Beyond those two products, XLRN has an early- and mid-stage pipeline that is difficult to evaluate. The company is burning little cash at this point, so as matters stand, there may be no share dilution until 2017.
I hold XLRN as one of two preclinical biotechs in my portfolio, the other being PTLA.
CELG investors could look at XLRN in different ways. They could say that they constructively already own a little of XLRN, given the CELG investment. Or, they could say that with XLRN well off its high, they trust CELG enough to have a side investment in XLRN along with one in CELG.
I have the latter point of view at this time.
With this article, I have now provided 2015 updates on all the biotechs I currently own. Because of the many biotech companies that are now public, I may begin writing about stocks that I do not own.

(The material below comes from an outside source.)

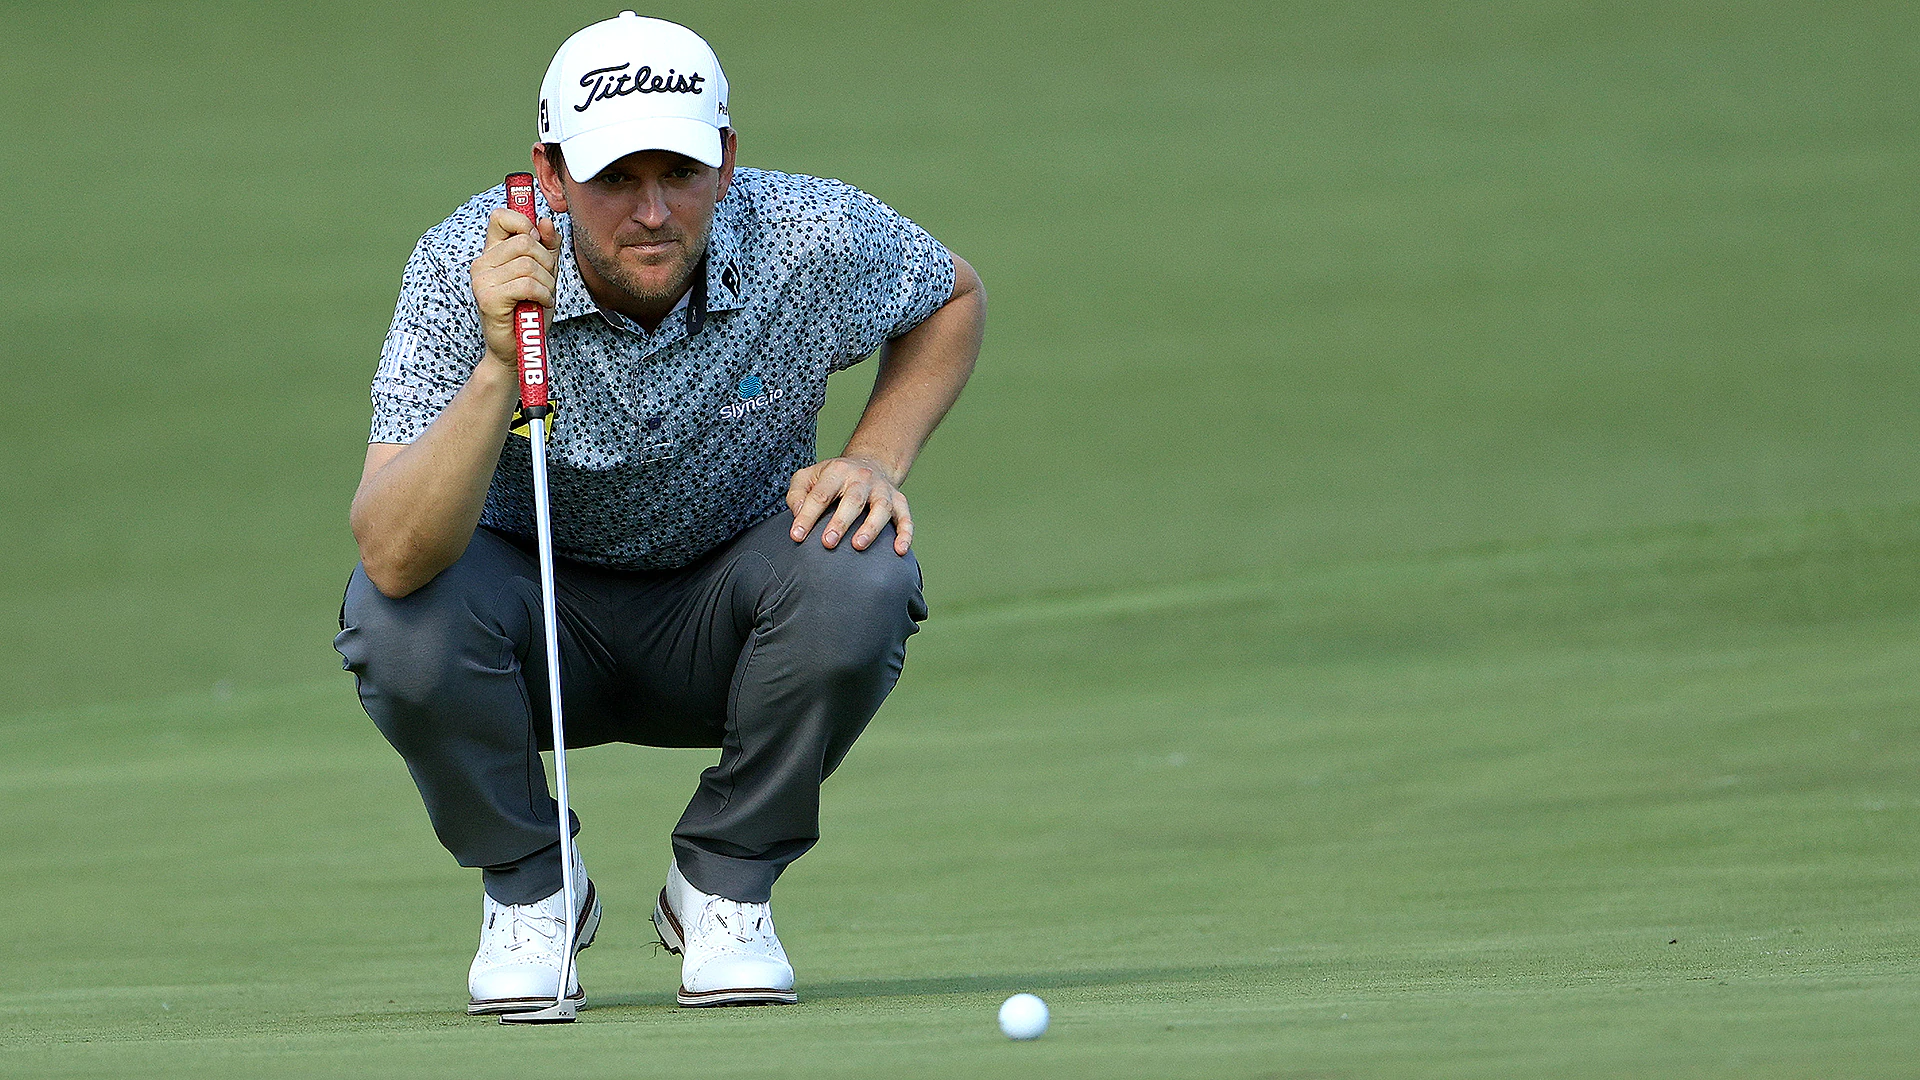 Watch: Bernd Wiesberger has eagle putt at 15th … and putts ball into the water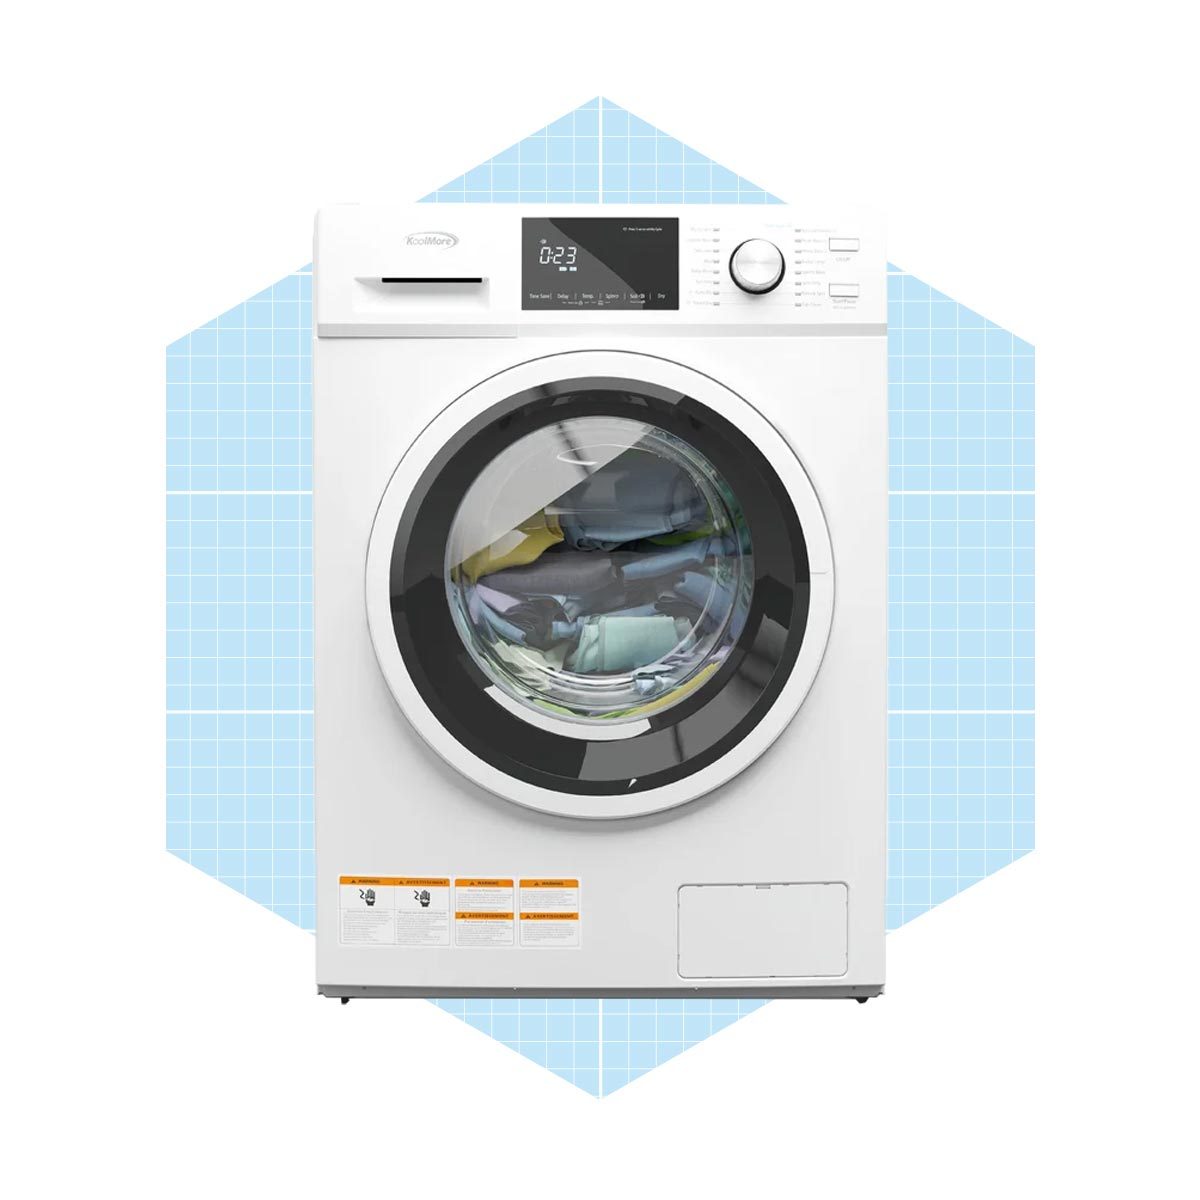 8 Best Washer And Dryers For An Apartment In 2023 KoolMore 2 In 1 Front Load Washer And Dryer Combo Ecomm Via Wayfair.com  ?fit=700%2C700

I am long XLRN and looking to add a little more on dips if no fundamental negative news is present.
Disclosure:The author is long REGN,GILD,CELG,XLRN,PTLA. (More...)The author wrote this article themselves, and it expresses their own opinions. The author is not receiving compensation for it (other than from Seeking Alpha). The author has no business relationship with any company whose stock is mentioned in this article.
Additional disclosure: Not investment advice. I am not an investment adviser.